Лекарство от скуки (СИ) - Флёри Юлия
— Я думала, это произойдёт как-то спонтанно. — Отозвалась, его план не одобряя.
— Это? — Насмешливо изогнул брови Олег, и я покраснела сильнее.
— Татарин, тебе сколько лет?
— Двадцать семь, а что?
— А мне тридцать четыре будет осенью, так что будь любезен, не смущай тётку такими подробностями.
Татарин рассмеялся, прижал меня к себе плотнее.
— Я возьму тебя сзади. — Жарко зашептал на ухо и за плечи удержал, не позволяя вырваться, когда закапризничала. — Войду осторожно, плавно, как ты любишь.
— Я забыла поинтересоваться у сотрудницы ЗАГСа, когда, если что, можно будет подавать на развод. — Отмахнулась я от его шёпота.
— Быстро наращивая темп, перейду на резкие толчки, как люблю я. Точный вход и полное погружение. — Облизнулся, предвкушая.

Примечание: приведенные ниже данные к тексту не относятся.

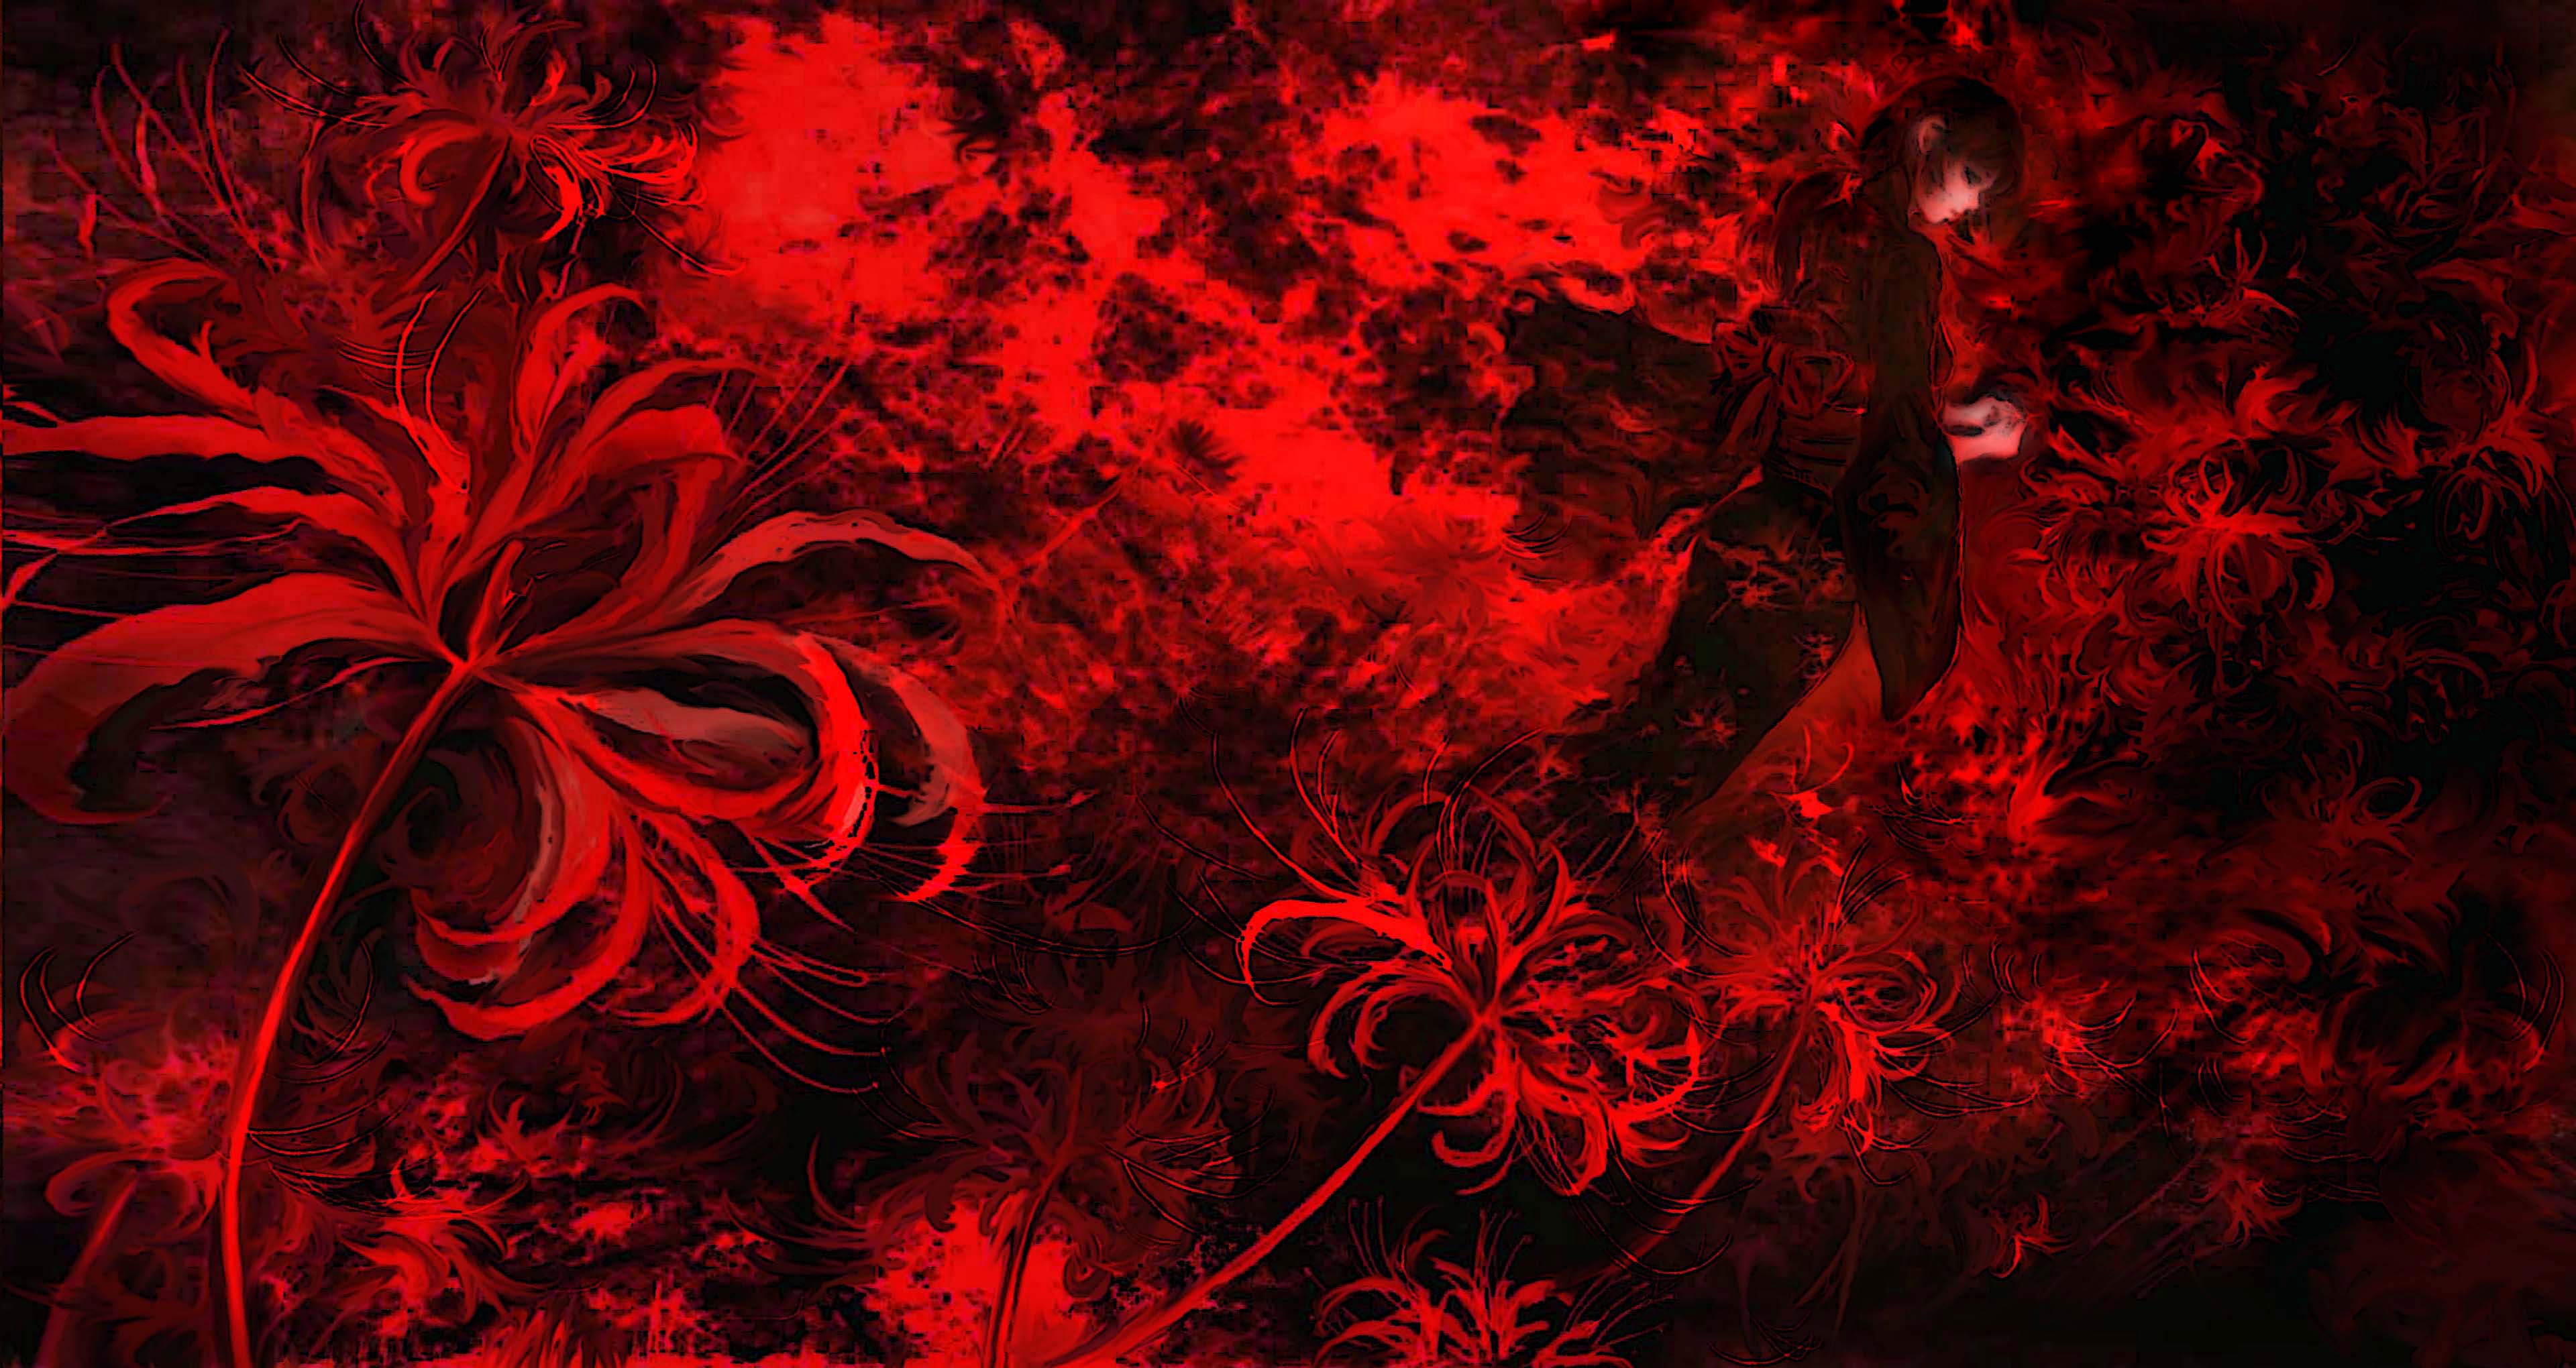 Красные цветы игры. Хиганбана (красная Паучья Лилия). Ликор ст окийский гуль. Хиганбана ликорис Токийский гуль. Хиганбана ликорис поле.

— Я с тобой никуда не поеду. — Сдавленно рассмеялась я тому, как руками по телу водить принялся. Расслабляя и настраивая. Забираясь под свободное платье в разрезе спины, второй рукой с подола его сминая.
— Замужество не пошло тебе на пользу, Измайлова. — Выдохнул он в итоге, всё же позволяя отбиться и из его захвата выкрутиться. — Закомплексованная какая-то стала, забитая… А я предупреждал, что с твоим психотерапевтом каши не сваришь.
Я, наконец, верно распознав его настрой, уличающе прищурилась.
— Ты ревнуешь?
Татарин категорично махнул головой.
— Нет.
— Что тогда? Злишься?
Он широко улыбнулся, слегка склонив голову набок.
— Скажи, что любишь меня.
— Я тебя люблю. — Прошептала я осторожно, а Татарин не сдержал недовольный смешок.
— Сказала, потому что я попросил?
— А тебе хочется так думать?
— Мне хочется, чтобы это на самом деле было так.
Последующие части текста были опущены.